此外,用了两个ConcurrentHashMap,一个保存ID和表的映射关系,一个保存表名和ID的映射关系,便于查询。
对Exercise 2执行单元测试:
ant runtest -Dtest=CatalogTest
这里的单元测试应该是successful的。
Exercise 3
需要完成的是:
- src/java/simpledb/storage/BufferPool.java
BufferPool是为了避免频繁读写硬盘,讲一部分数据读出后缓存在内存中,这部分数据是以页为单位,若干的页组成了BufferPool。
BufferPool代码:
package simpledb.storage;
import simpledb.common.Database;
import simpledb.common.DbException;
import simpledb.common.DeadlockException;
import simpledb.common.Permissions;
import simpledb.transaction.TransactionAbortedException;
import simpledb.transaction.TransactionId;
import java.io.IOException;
import java.util.*;
import java.util.concurrent.ConcurrentHashMap;
import java.util.concurrent.ConcurrentMap;
/**
* BufferPool manages the reading and writing of pages into memory from
* disk. Access methods call into it to retrieve pages, and it fetches
* pages from the appropriate location.
* <p>
* The BufferPool is also responsible for locking; when a transaction fetches
* a page, BufferPool checks that the transaction has the appropriate
* locks to read/write the page.
*
* @Threadsafe, all fields are final
*/
public class BufferPool {
/**
* Bytes per page, including header.
*/
private static final int DEFAULT_PAGE_SIZE = 4096;
private static int pageSize = DEFAULT_PAGE_SIZE;
/**
* Default number of pages passed to the constructor. This is used by
* other classes. BufferPool should use the numPages argument to the
* constructor instead.
*/
public static final int DEFAULT_PAGES = 50;
private final int numPages;
private final Map<PageId, Page> bufferPool = new ConcurrentHashMap<>();
/**
* Creates a BufferPool that caches up to numPages pages.
*
* @param numPages maximum number of pages in this buffer pool.
*/
public BufferPool(int numPages) {
// TODO: some code goes here
this.numPages = numPages;
}
public static int getPageSize() {
return pageSize;
}
// THIS FUNCTION SHOULD ONLY BE USED FOR TESTING!!

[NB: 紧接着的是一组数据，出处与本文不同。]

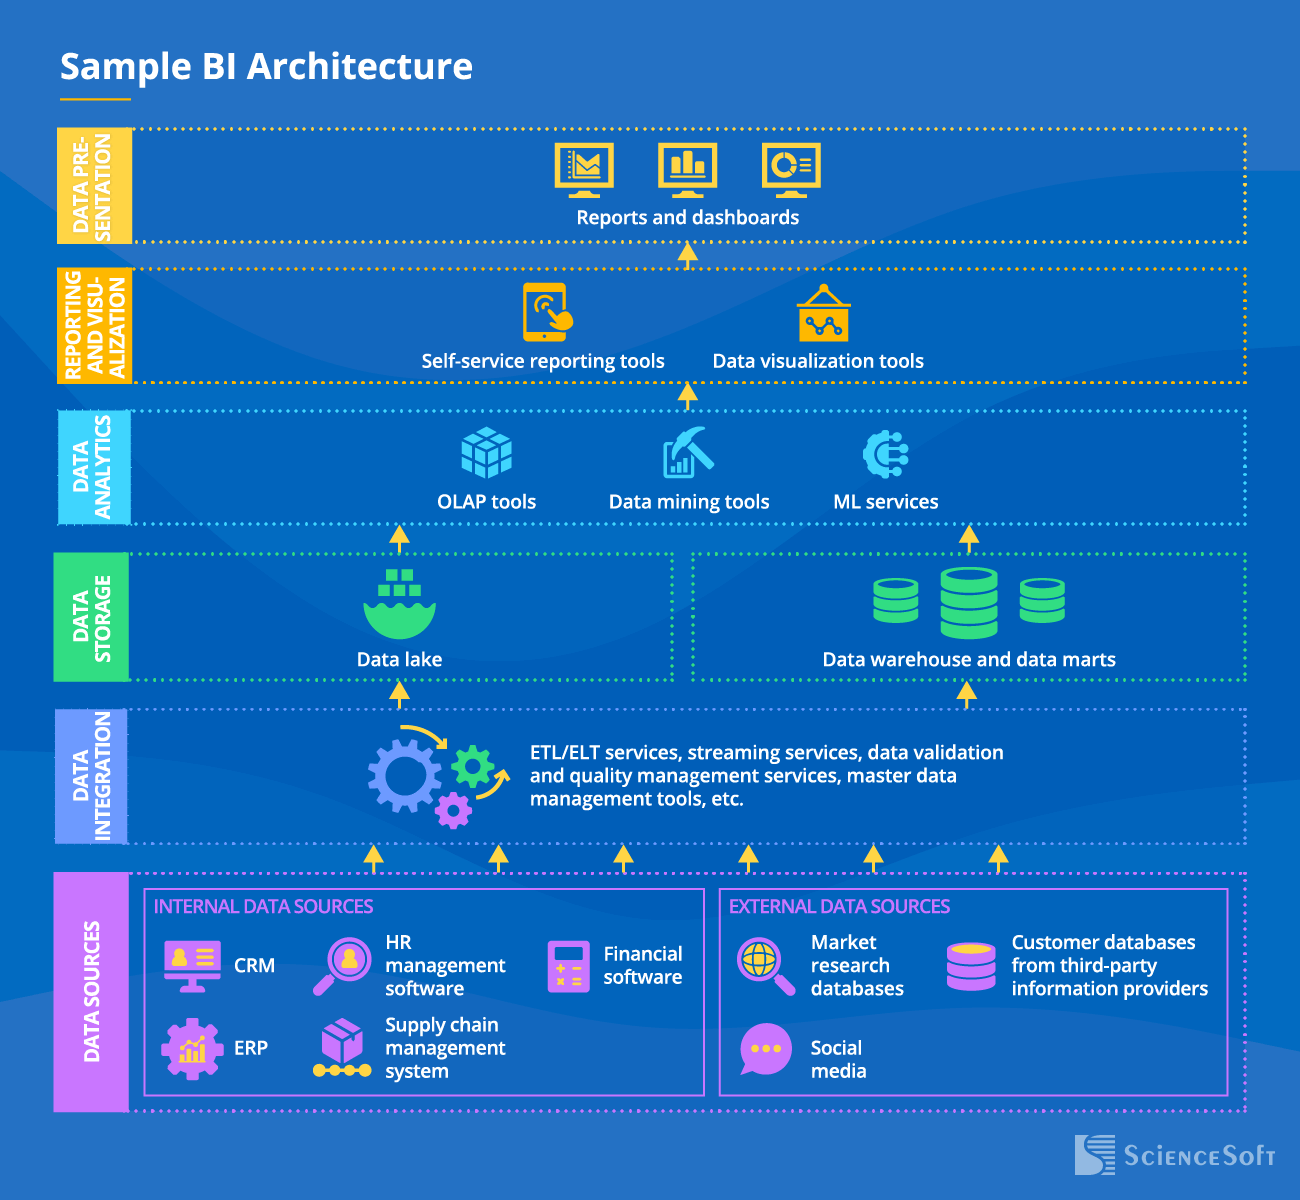 Sample BI Architecture - ScienceSoft

public static void setPageSize(int pageSize) {
BufferPool.pageSize = pageSize;
}
// THIS FUNCTION SHOULD ONLY BE USED FOR TESTING!!
public static void resetPageSize() {
BufferPool.pageSize = DEFAULT_PAGE_SIZE;
}
/**
* Retrieve the specified page with the associated permissions.

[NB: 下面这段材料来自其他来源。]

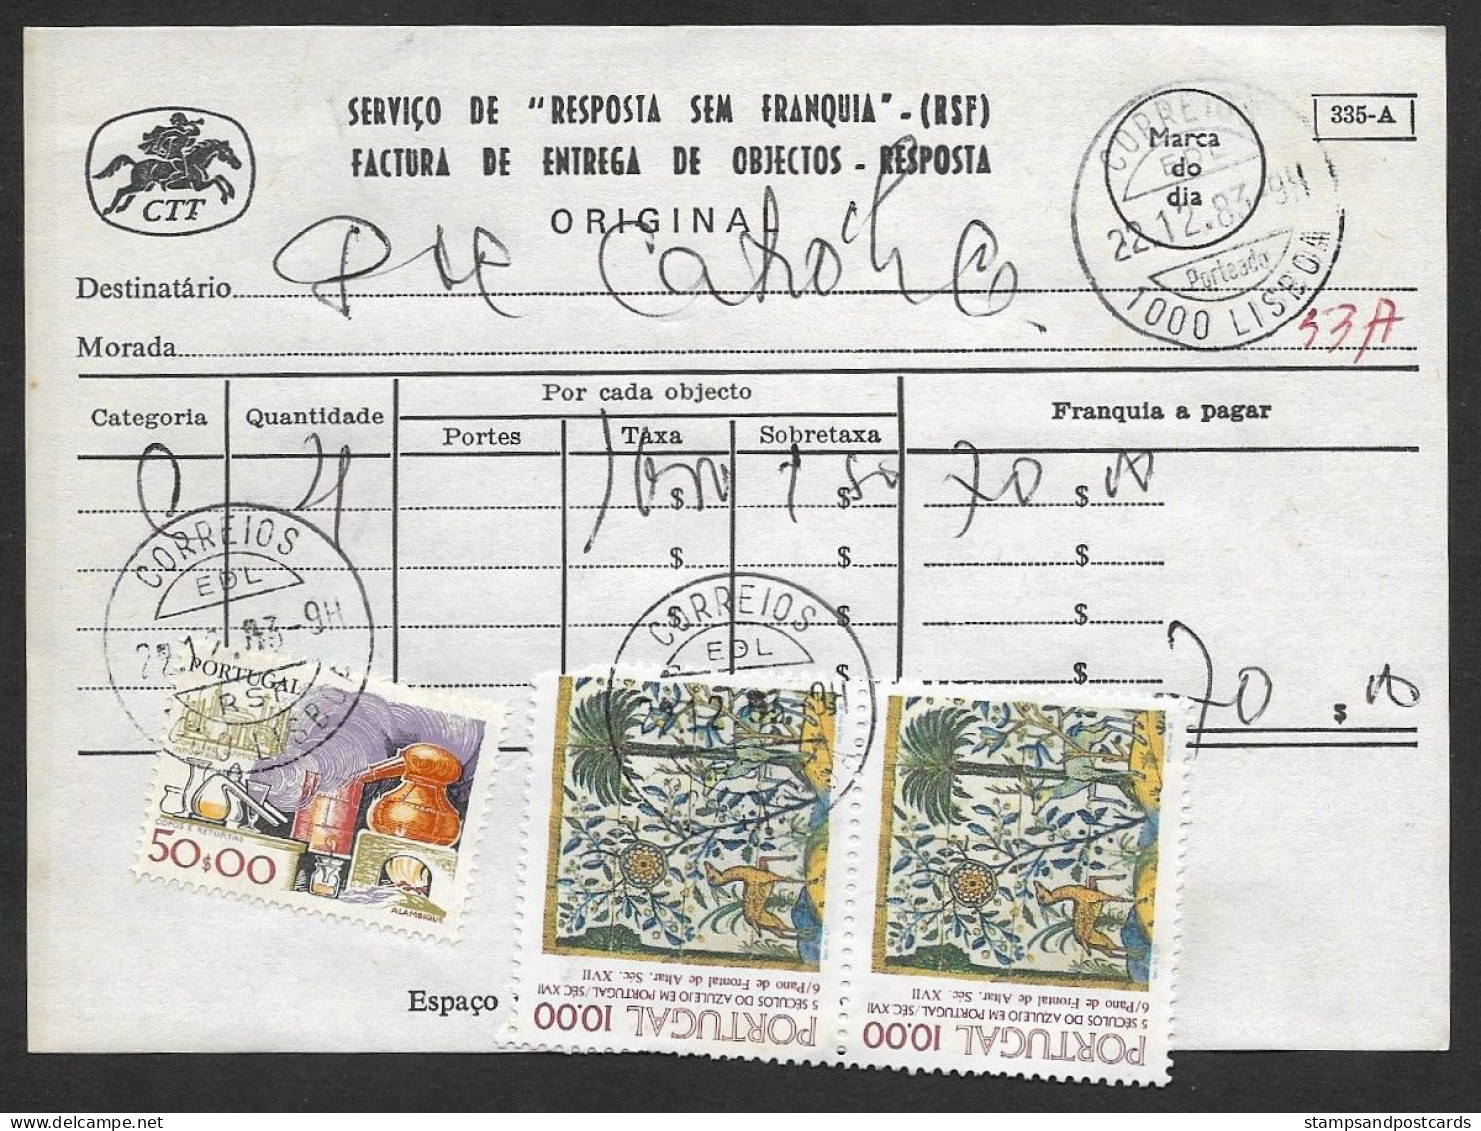 Portugal Document Timbré Avec Cachet A Date RSF Réponse Payée 1983 Date Stamp Business Reply Service - Poststempel (Marcophilie)

* Will acquire a lock and may block if that lock is held by another
* transaction.
* <p>
* The retrieved page should be looked up in the buffer pool. If it
* is present, it should be returned. If it is not present, it should
* be added to the buffer pool and returned. If there is insufficient
* space in the buffer pool, a page should be evicted and the new page
* should be added in its place.
*
* @param tid the ID of the transaction requesting the page
* @param pid the ID of the requested page
* @param perm the requested permissions on the page
*/
public Page getPage(TransactionId tid, PageId pid, Permissions perm)

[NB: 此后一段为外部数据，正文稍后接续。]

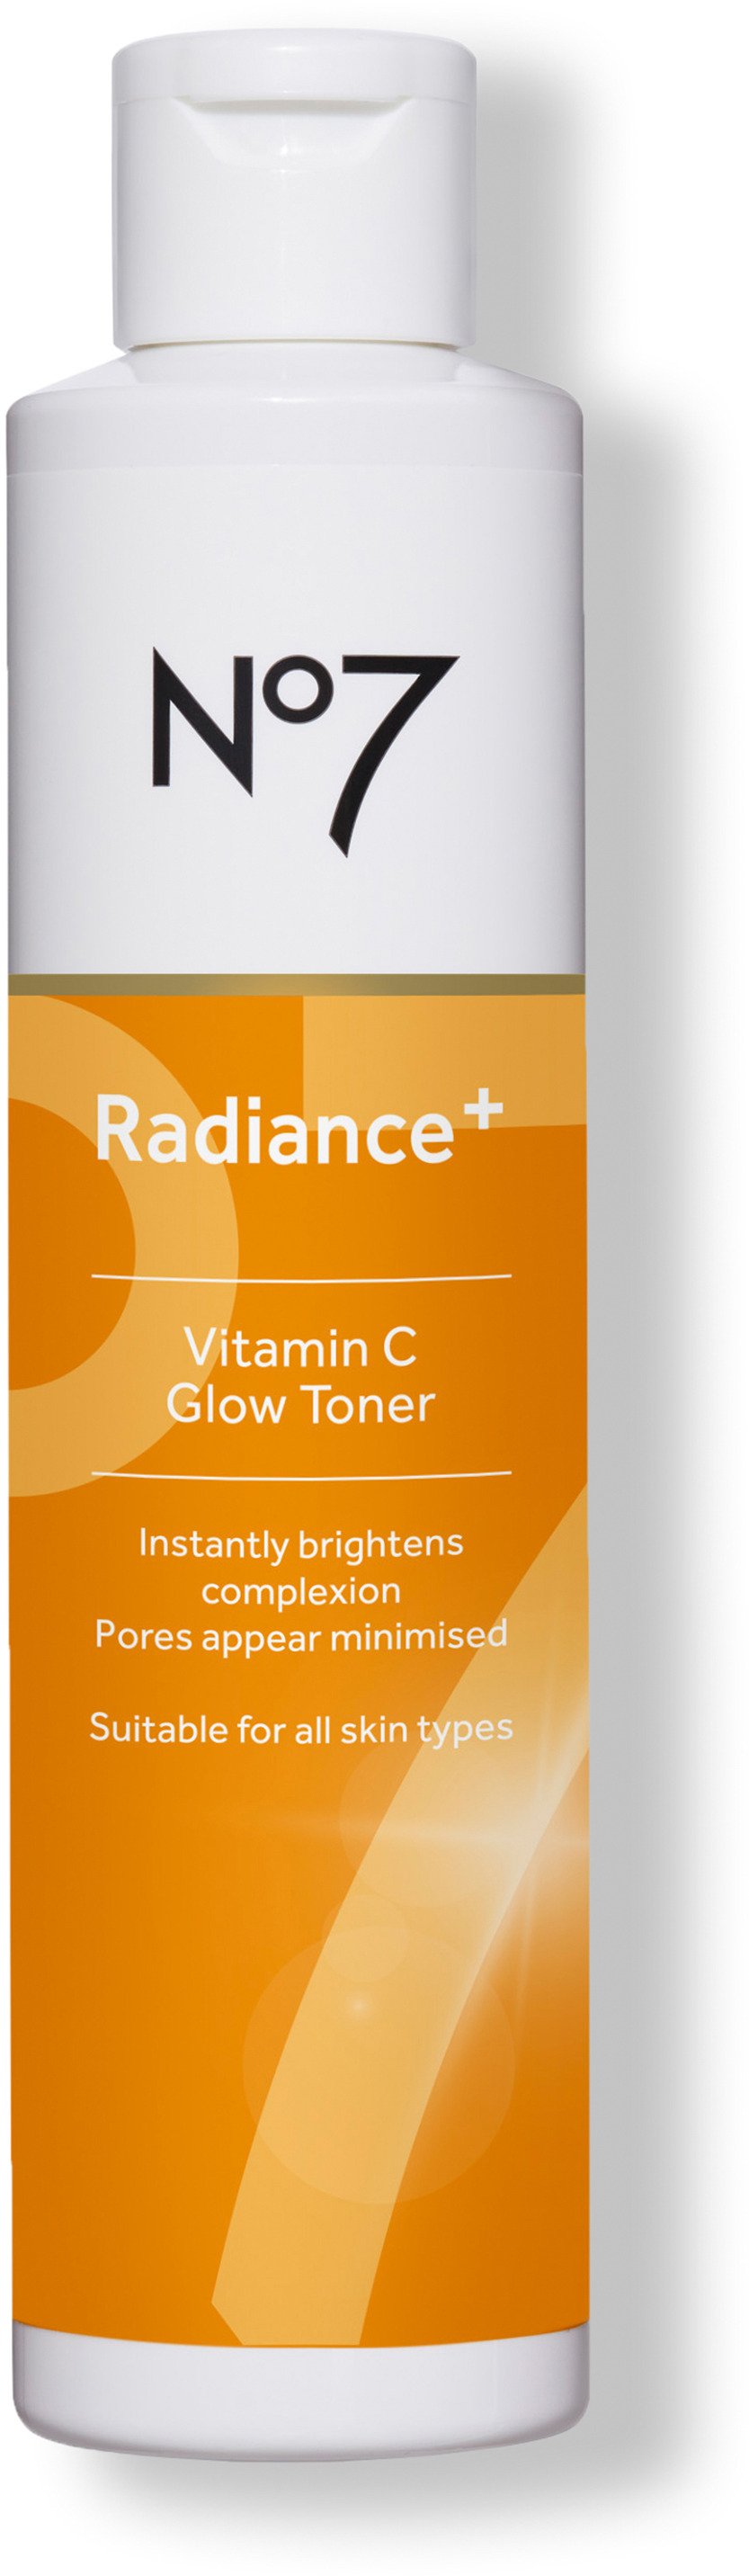 No7 Radiance+ Vitamin C Glow Toner 200 ml

throws TransactionAbortedException, DbException {
// TODO: some code goes here
if (!bufferPool.containsKey(pid)) {
DbFile dbFile = Database.getCatalog().getDatabaseFile(pid.getTableId());
Page page = dbFile.readPage(pid);
bufferPool.put(pid, page);
}
return bufferPool.get(pid);
}
/**
* Releases the lock on a page.
* Calling this is very risky, and may result in wrong behavior. Think hard
* about who needs to call this and why, and why they can run the risk of
* calling it.
*
* @param tid the ID of the transaction requesting the unlock
* @param pid the ID of the page to unlock
*/
public void unsafeReleasePage(TransactionId tid, PageId pid) {
// TODO: some code goes here
// not necessary for lab1|lab2
}
/**
* Release all locks associated with a given transaction.
*
* @param tid the ID of the transaction requesting the unlock
*/
public void transactionComplete(TransactionId tid) {
// TODO: some code goes here
// not necessary for lab1|lab2
}
/**
* Return true if the specified transaction has a lock on the specified page
*/
public boolean holdsLock(TransactionId tid, PageId p) {
// TODO: some code goes here
// not necessary for lab1|lab2
return false;
}
/**
* Commit or abort a given transaction; release all locks associated to
* the transaction.
*
* @param tid the ID of the transaction requesting the unlock
* @param commit a flag indicating whether we should commit or abort
*/
public void transactionComplete(TransactionId tid, boolean commit) {
// TODO: some code goes here
// not necessary for lab1|lab2
}
/**
* Add a tuple to the specified table on behalf of transaction tid. Will
* acquire a write lock on the page the tuple is added to and any other
* pages that are updated (Lock acquisition is not needed for lab2).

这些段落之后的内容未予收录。